Find the area of the quadrilaterals, the coordinates of whose vertices are$(-4, -2), (-3, -5), (3, -2), (2, 3)$

Given:

Vertices of a quadrilateral are $(-4, -2), (-3, -5), (3, -2), (2, 3)$.

To do:

We have to find the area of the quadrilateral.

Solution:

Let $A (-4, -2), B (-3, -5), C(3,-2)$ and $D (2, 3)$ be the vertices of a quadrilateral $ABCD$.

Join $A$ and $C$ to get two triangles $ABC$ and $ADC$.

This implies,

Area of quadrilateral $ABCD=$ Area of triangle $ABC+$ Area of triangle $ADC$. 

We know that,

Area of a triangle with vertices $(x_1,y_1), (x_2,y_2), (x_3,y_3)$ is given by, 

Area of $\Delta=\frac{1}{2}[x_{1}(y_{2}-y_{3})+x_{2}(y_{3}-y_{1})+x_{3}(y_{1}-y_{2})]$

Therefore,

Area of triangle \( ABC=\frac{1}{2}[-4(-5+2)+(-3)(-2+2)+3(-2+5)] \)
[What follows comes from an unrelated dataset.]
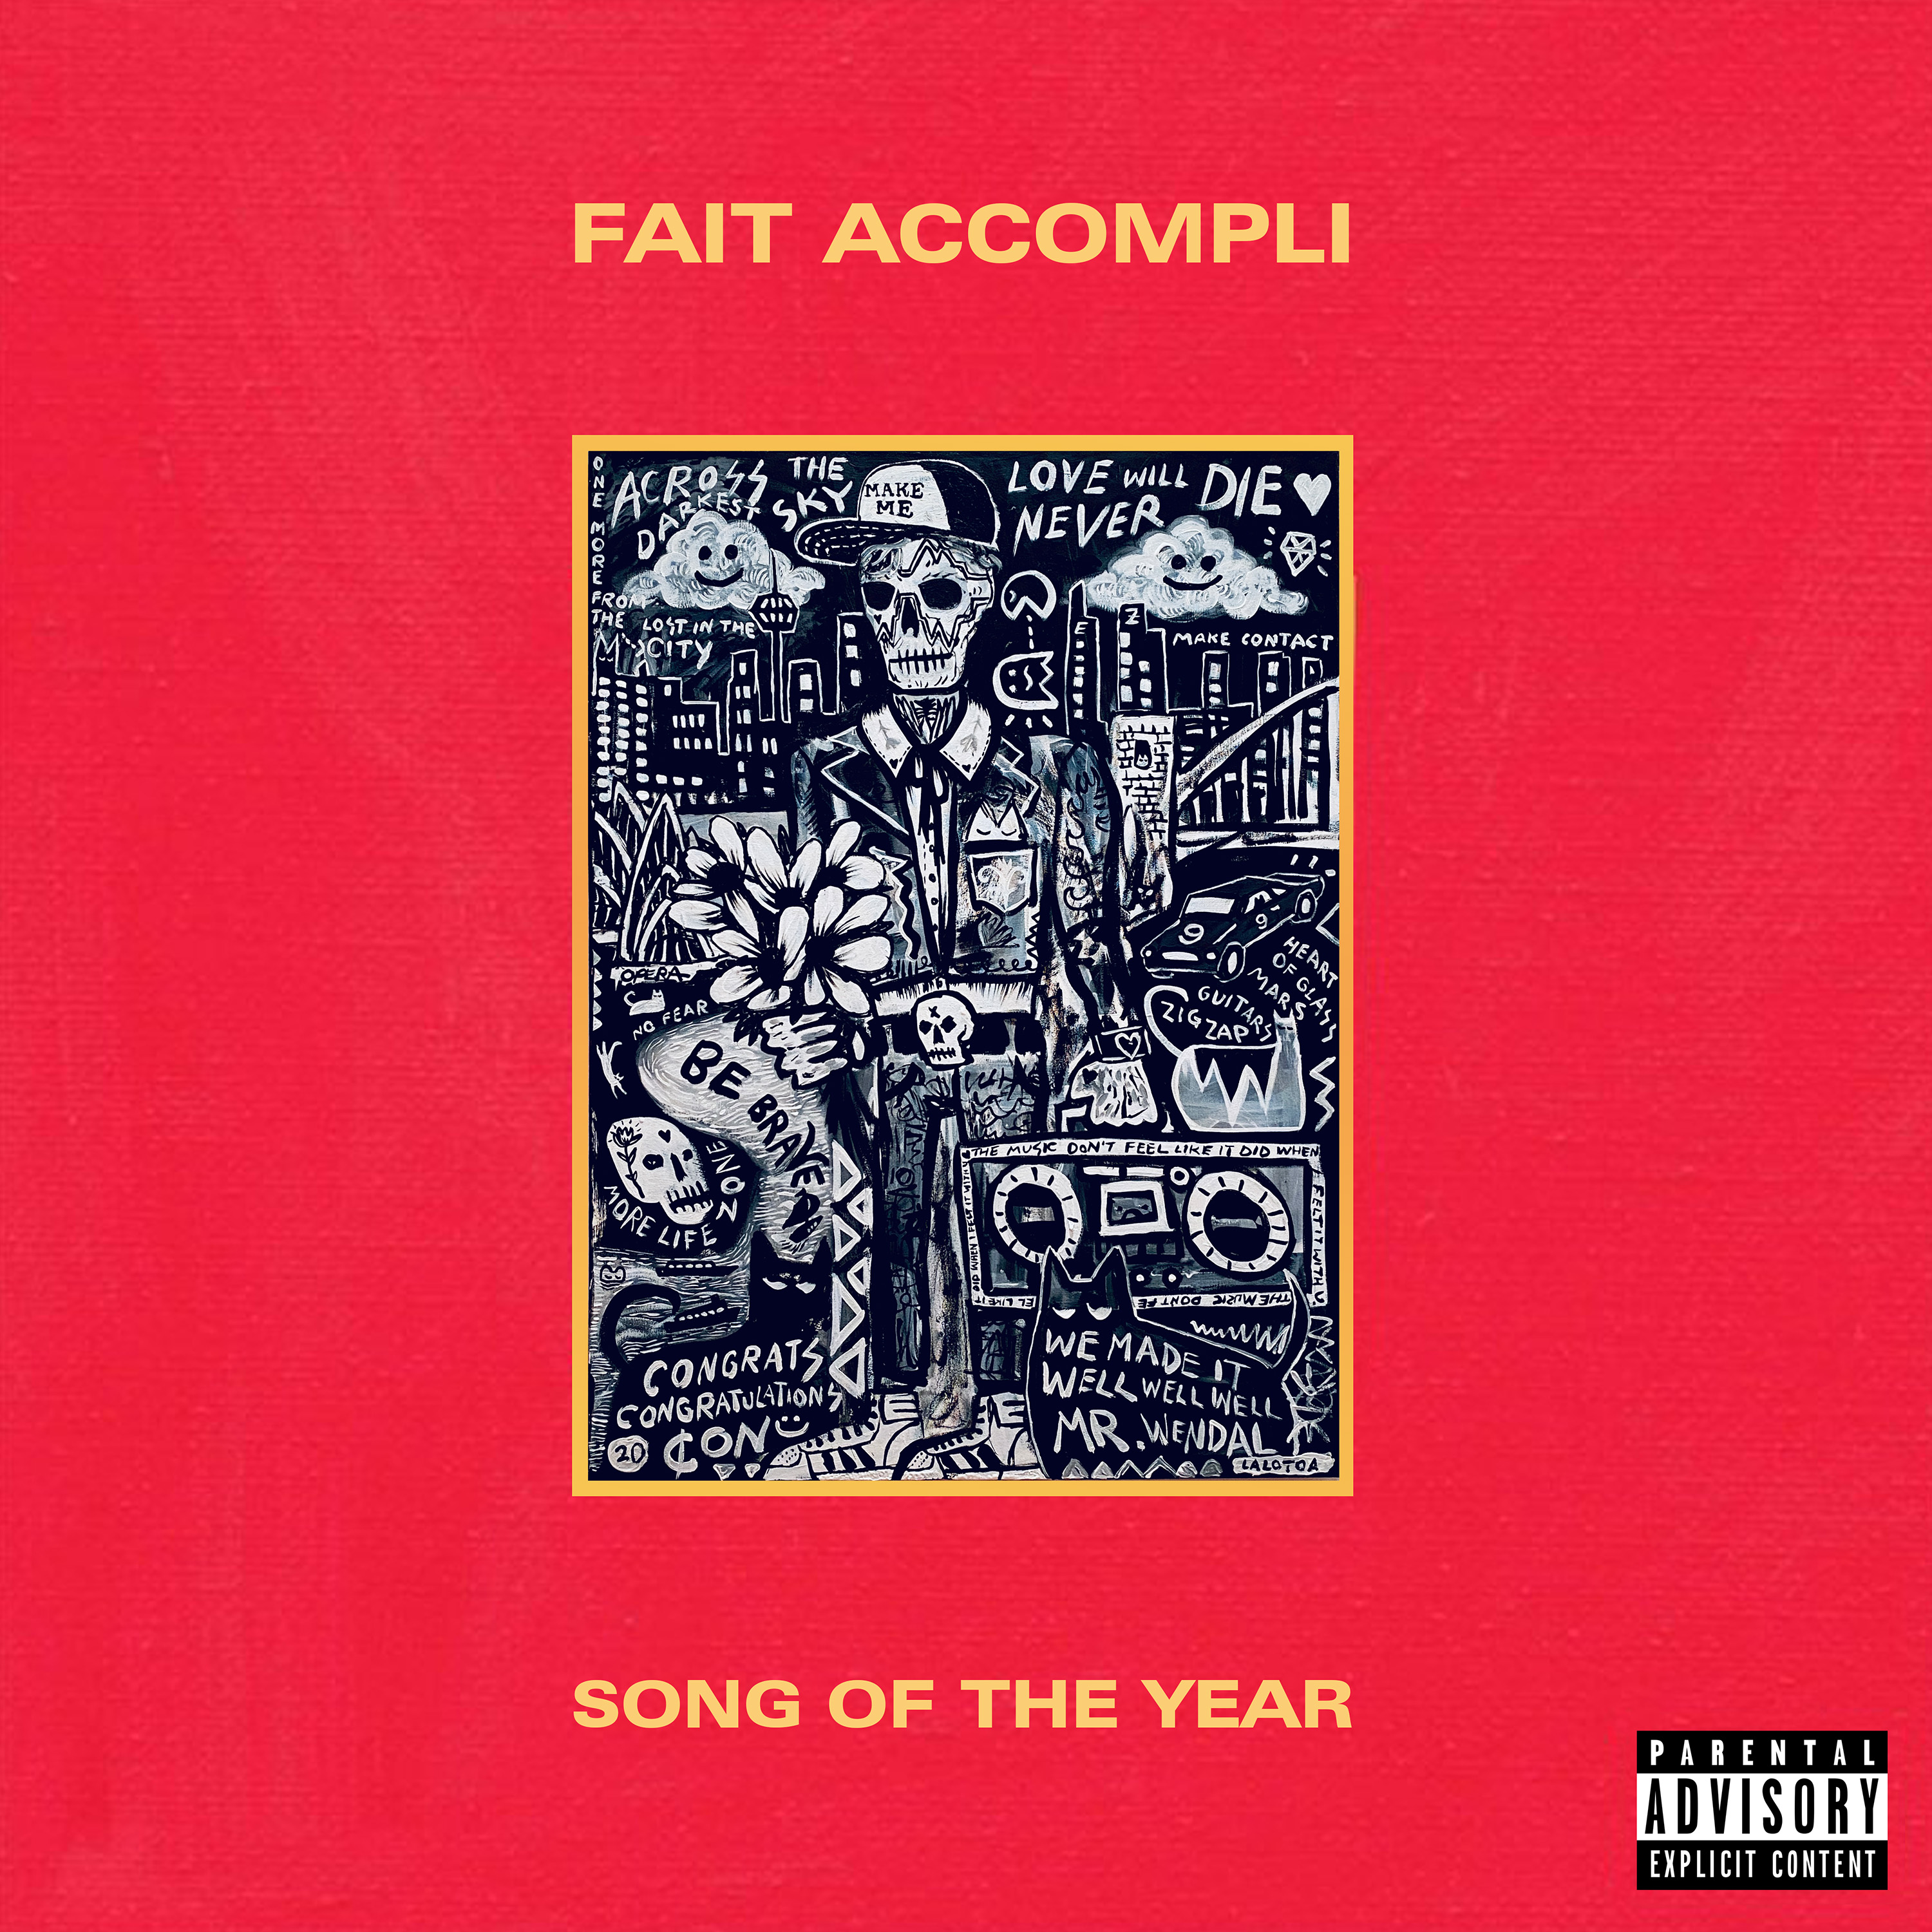 FAIT ACCOMPLI SONG OF THE YEAR ONLINE ART

\( =\frac{1}{2}[-4(-3)+(-3)0+3(3)] \)

\( =\frac{1}{2}[12+9] \)

\( =\frac{1}{2} \times 21 \)

\( =\frac{21}{2} \) sq. units.

Area of triangle \( ADC=\frac{1}{2}[-4(-2-3)+2(-2+2)+3(3+2)] \)

\( =\frac{1}{2}[-4(-5)+2(0)+3(5)] \)

\( =\frac{1}{2}[20+0+15] \)

\( =\frac{1}{2} \times 35 \)

\( =\frac{35}{2} \) sq. units.

Therefore,

The area of the quadrilateral $ABCD=\frac{21}{2}+\frac{35}{2}=\frac{21+35}{2}=\frac{56}{2}=28$ sq. units.

The area of the given quadrilateral is $28$ sq. units.